During the field activities, the pre-RCRA clay caps were observed during all seasons of the year. The clay caps were measured to be deeply fractured from the surface down to at least 0.5 m below ground surface. During rain events, precipitation was observed flowing into the fractures in the cap. During winter snow-covered frozen-ground conditions, snow melted away from the active fractures and small cone-shaped mounds were created as warm landfill gas migrating out of the landfill carried a water and fine-grained soil mud mixture out of the landfill. The gas, mostly methane but also containing odorous organic acids, could be smelled as it rose into the air. The extruded water and soil mud mixture froze at fracture sites across the pre-RCRA-capped areas, creating a bumpy landscape resembling miniature volcano cones.

At two locations, the glacial materials stockpiles had to be benched to create a stable drilling surface for the monitoring well installation process. The benching activity created fresh-faced vertical cuts into the stockpiled glacial materials. Both stockpiles were relatively new, no more than several years in age at the benched locations. They had both been through at least one winter period, however, so they were subjected to both at least one freeze-thaw cycle and at least one hot-summer desiccation cycle. Since these materials are not typically rated as part of in situ regional evaluations, such as the county soil survey or the county level DRASTIC evaluations, limitations such as these observed are seldom noted in the common county level references.

The photographs taken of these stockpiles during the several years of field activity on the site document extensive fractures and gullies that had been formed in a very short period of time. Figures 2 through 4 document the newly formed fractures in the fill material. Figure 2 shows the fill at the initial staging area where glacial tills and their associated soils had been stockpiled for approximately five years or less. This photograph was taken at the top of the first staging pile, which rose to a high point of 20 m above the surrounding ground surface. This upper portion represents only one to two years of placement of fill. Figure 3 shows the fill after being pre-sorted at the northwest pod location where the stockpile had been in place for only two years. Figure 4 shows the fill used as a pre-RCRA final cap, at this location the cap had been in place for approximately five years. Additional photographs from this site can be seen in Chapter 2 of Weatherington-Rice (2003).

[FIGURES 2-4 OMITTED]

In each case, the fractures formed rapidly. The vertical fractures appear to control the surface representation of gully formation in Figure 3. There are vertical fractures with surface gully formations on top of them. There are also vertical fractures between the gully formations, but there are no gullies without vertical fractures formed underneath them. These relationships were documented in one field setting at the WillowCreek Landfill, but it has been the experience of the authors, upon reflection, that these observations have been made by them at other construction sites and agricultural field locations around Ohio. The ability to view and photographically document the process in three dimensions is the unusual contribution from this field experience at WillowCreek.

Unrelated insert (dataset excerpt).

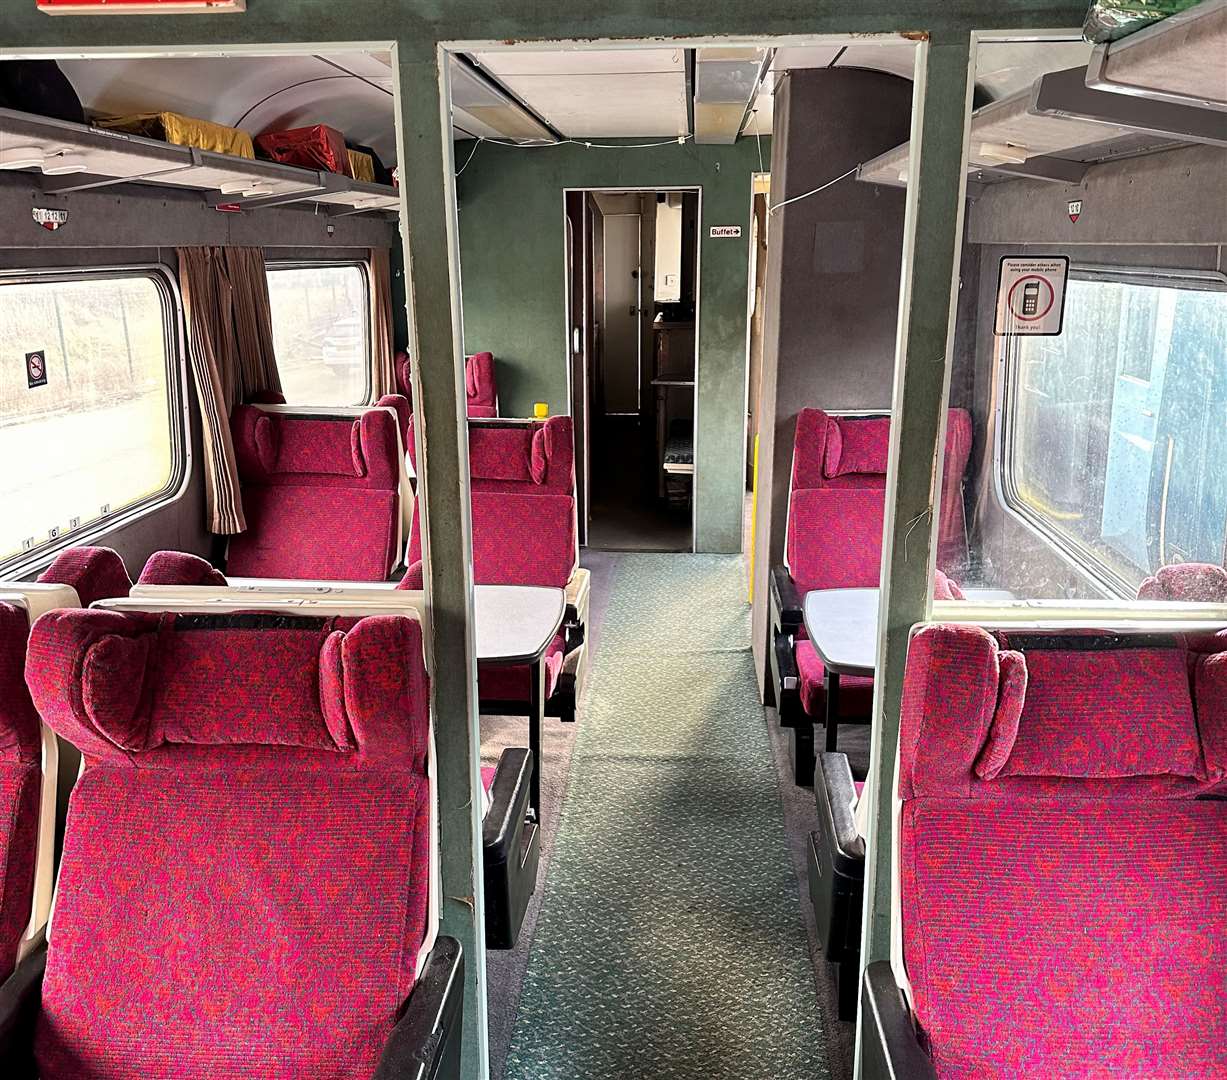 Inside the train carriage that Five Acre Wood School intends to transform into a cafe. Picture: Five Acre Wood

This relationship of fractures to gullies is not unlike the conditions on earthen dams noted in the southwest by Sherard and others (1963). As witnessed in the field, the fractures also contribute significantly to the migration of precipitation infiltration into the landfill and gas migration out of the underlying solid waste materials at the site (Fig. 4). This observation has been confirmed both visually and by smell.

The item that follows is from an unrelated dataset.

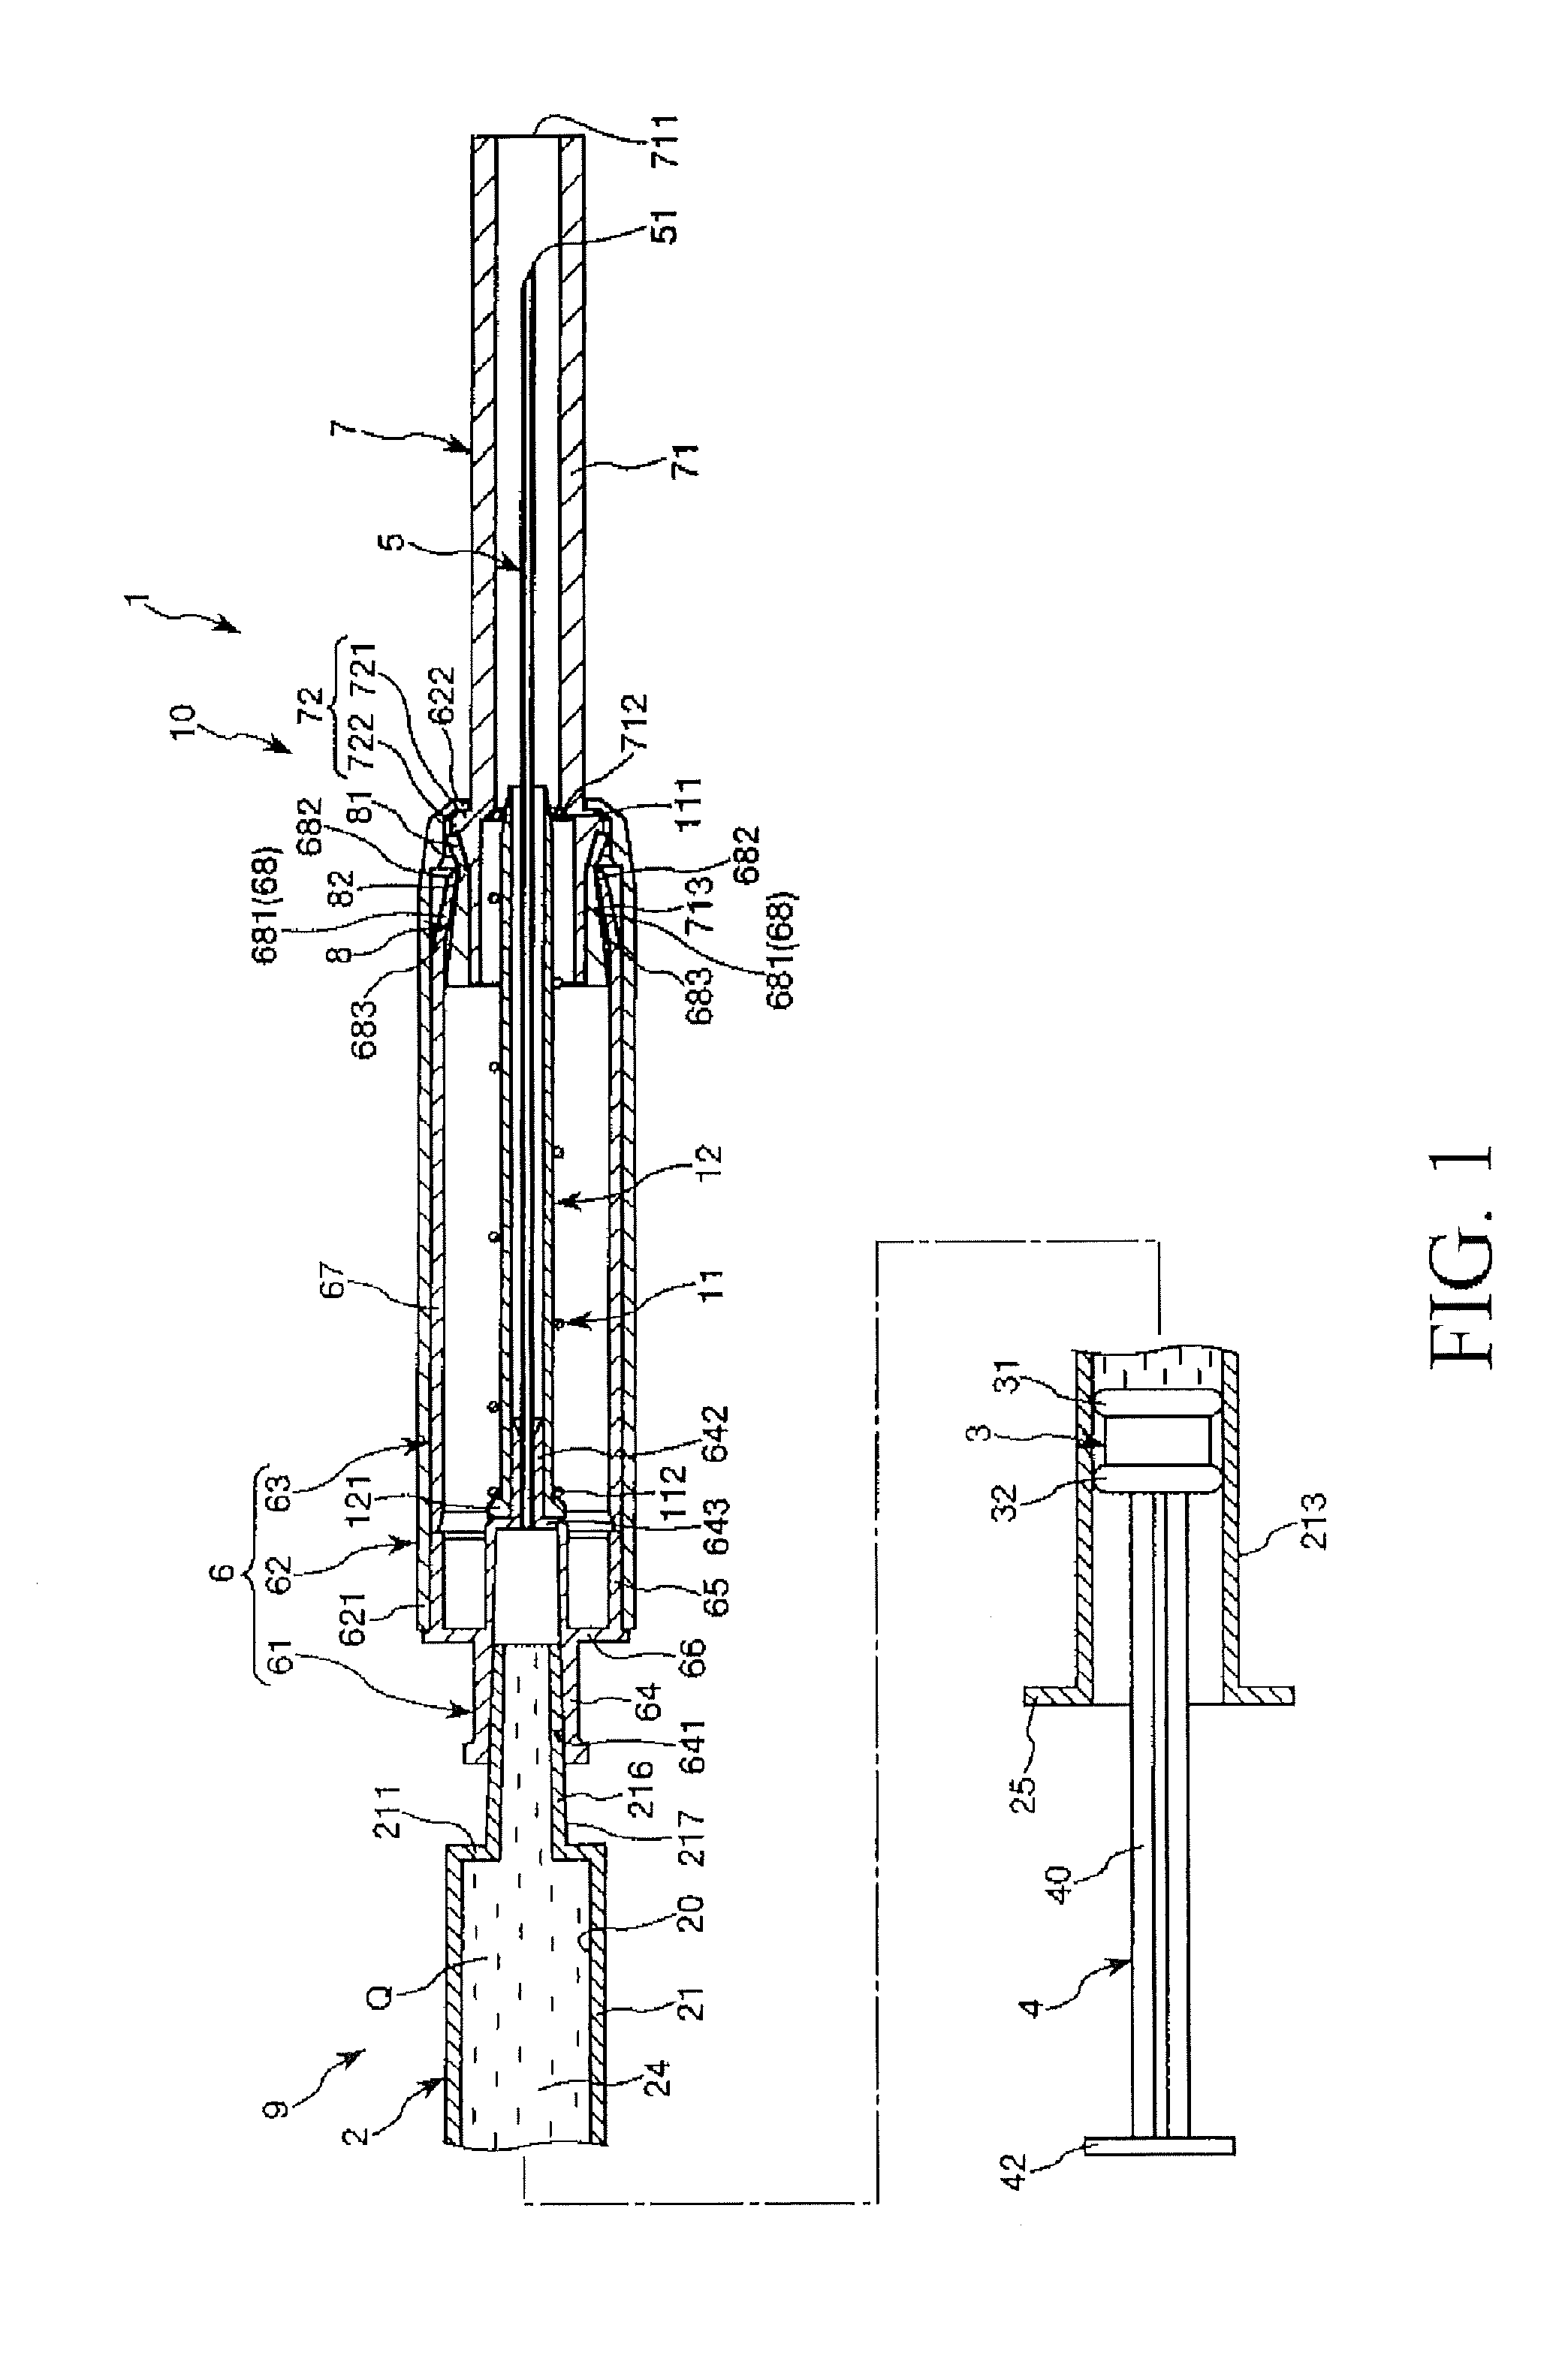 Puncture needle assembly and medicinal liquid injector

Cut and Fill, Landfill Caps

Fractures of the nature observed at WillowCreek may have a considerable impact on the ability of water to move through the fill materials, the consolidation of the materials, and the initial and final shear strength of the fill materials as discussed in Allred (2000). This mechanism could be the underlying failure mechanism that controls foundation cracking and failures at new construction sites, especially in poured slab foundations. These fractures also would have acted as contaminant transport routes at WillowCreek if the northwest pod landfill cell had been constructed on top of 15 feet of this fill material as previously envisioned by the property owners.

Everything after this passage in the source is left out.